Congress pursues dual paths on contracting oversight
House pushes aggressive strategy while Senate appears ready to take a step back.
Although their goals remain relatively similar, House and Senate lawmakers appear to be following noticeably different paths toward implementing a series of much debated contracting reform bills.
Last week, Rep. Henry Waxman, D-Calif., chairman of the House Oversight and Government Reform Committee, introduced a wide-ranging set of acquisition provisions that covers everything from prohibiting the use of lead systems integrators to providing greater protection for private sector whistleblowers.
The 52-page Clean Contracting Amendment, included as part of the House's fiscal 2009 defense authorization bill, includes provisions that have passed the House but failed to gain traction in the Senate or those that were previously implemented by the Defense Department and would now be expanded governmentwide.
While the House appears to be swinging for the fences, the Senate's version of the defense authorization bill takes a more modest approach to contracting reform.
Peter Levine, general counsel for the Senate Armed Services Committee, said the Defense Department still was adjusting to the multitude of complex acquisition regulation changes that Congress passed in the fiscal 2008 bill.
"We're trying to be less aggressive this year," Levine said on Wednesday at a conference sponsored by the Coalition for Government Procurement, a contractor trade group.
For example, the Senate bill includes a scaled-down, government-only version of a contractor misconduct database that would that track completed criminal, civil or administrative proceedings against federal contractors. Waxman's amendment, however, mirrors a bill that passed the House in April that opens the contractor database to the general public.
Reaching common ground between the two bills could be dicey.
Mark Stephenson, a staffer on the oversight committee, said at the conference that House Democrats have compromised already by limiting the database to only completed proceedings. He declined to comment on any further compromises.
Senate staffers have raised administrative concerns about making sure documents that are not legally available to the public are excluded from the database. But Stephenson suggested that Freedom of Information Act officials at agencies are equipped to handle the process.
The House and Senate also disagree about the need to address sole-source contracting.
Stephenson cited House committee data showing that contracts awarded without full and open competition had risen from $67.5 billion in 2000 to nearly $207 billion in 2006. The Clean Contracting Amendment requires all federal agencies to develop and implement a plan to minimize the use of sole-source contracts.
Senate lawmakers say those figures are grossly overstated.
Levine said statistics from the Office of Federal Procurement Policy and the Pentagon suggest that sole-source contracting has remained relatively stable in recent years. The discrepancy, he said, is that House officials count each task order granted to a single vendor on a multiple award contract, while the government does not.
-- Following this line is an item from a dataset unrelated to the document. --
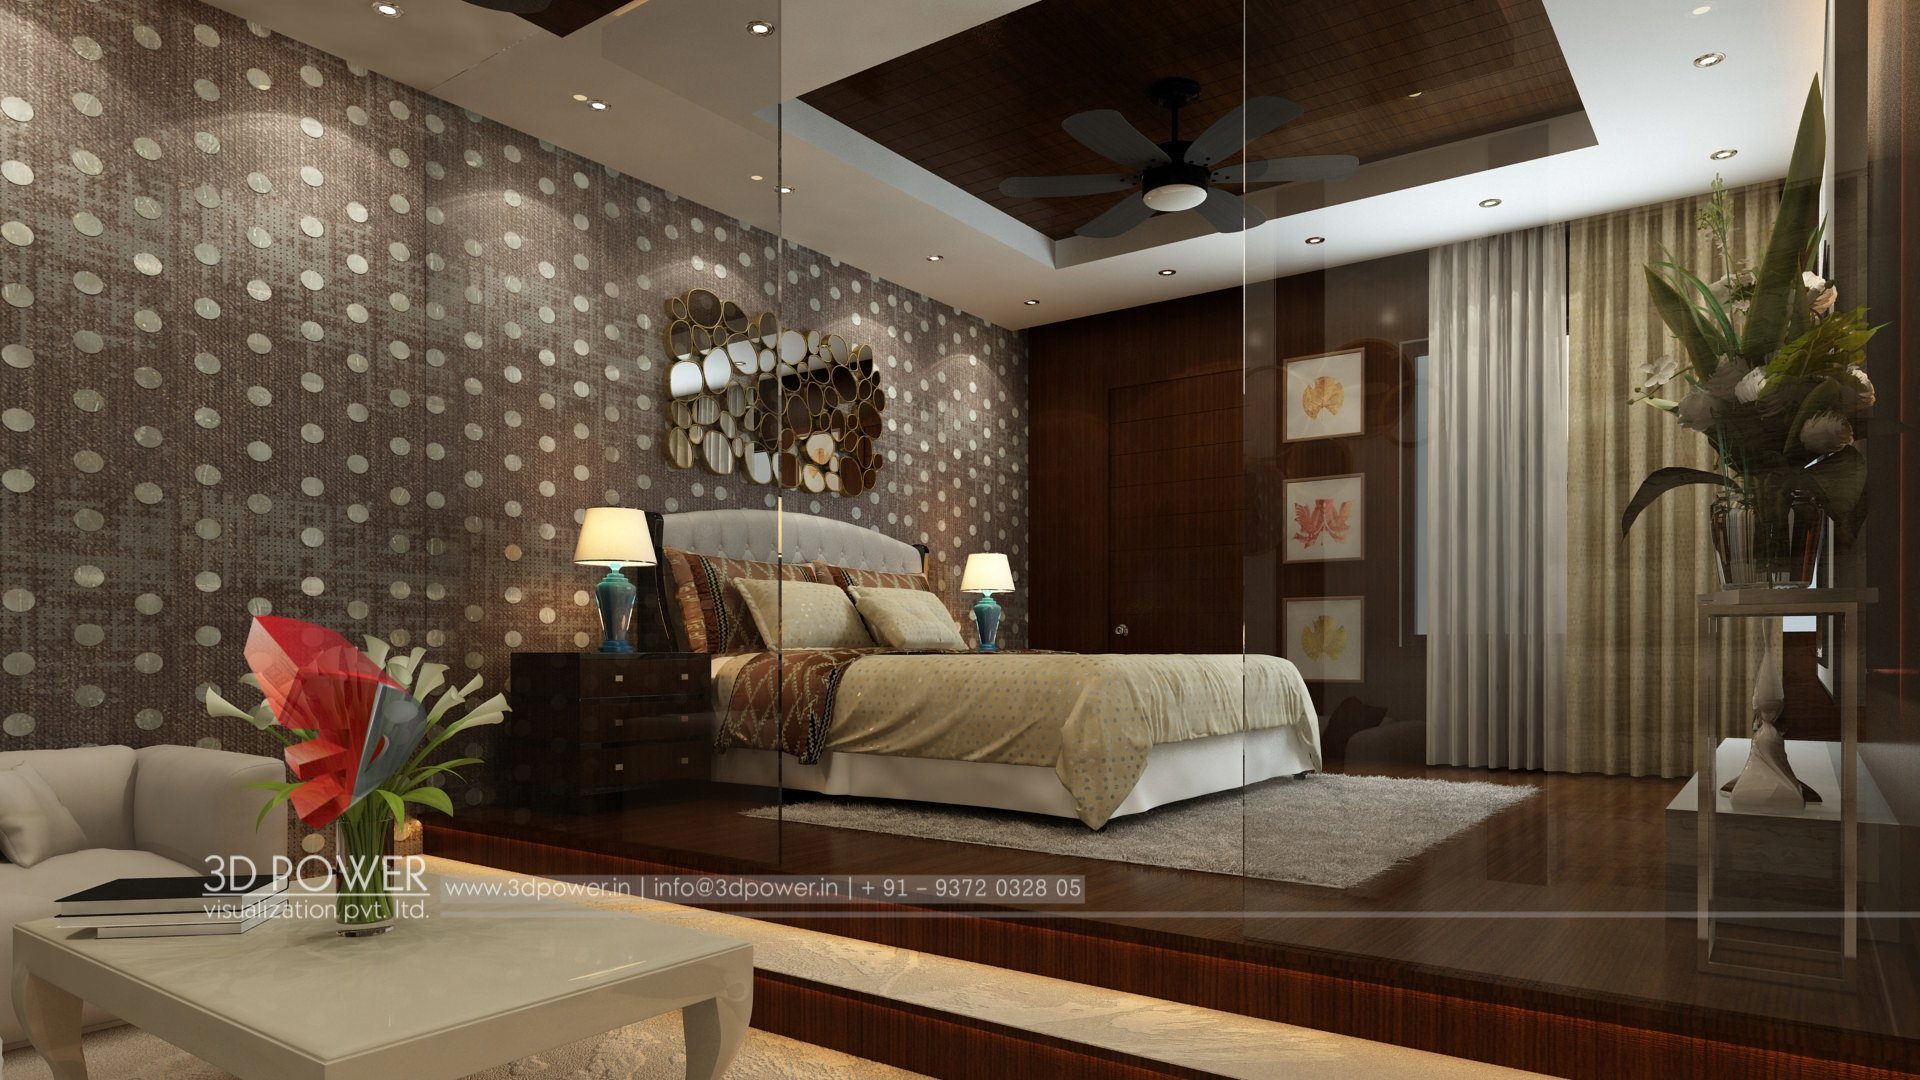 Interior Design 3D Design Services-Bedroom Interior Design PNBLBTO

The House and Senate appear far apart on a handful of legislative tactics, but they generally agree about the source of many contracting-related problems and how to address them.
The two legislative aides concurred on the need to beef up the acquisition workforce development fund, provide greater oversight of interagency contracts and to address personal and organizational conflicts of interest that arise when contractors work side-by-side with federal employees.
"On virtually every subject, we share the same objective," Levine said.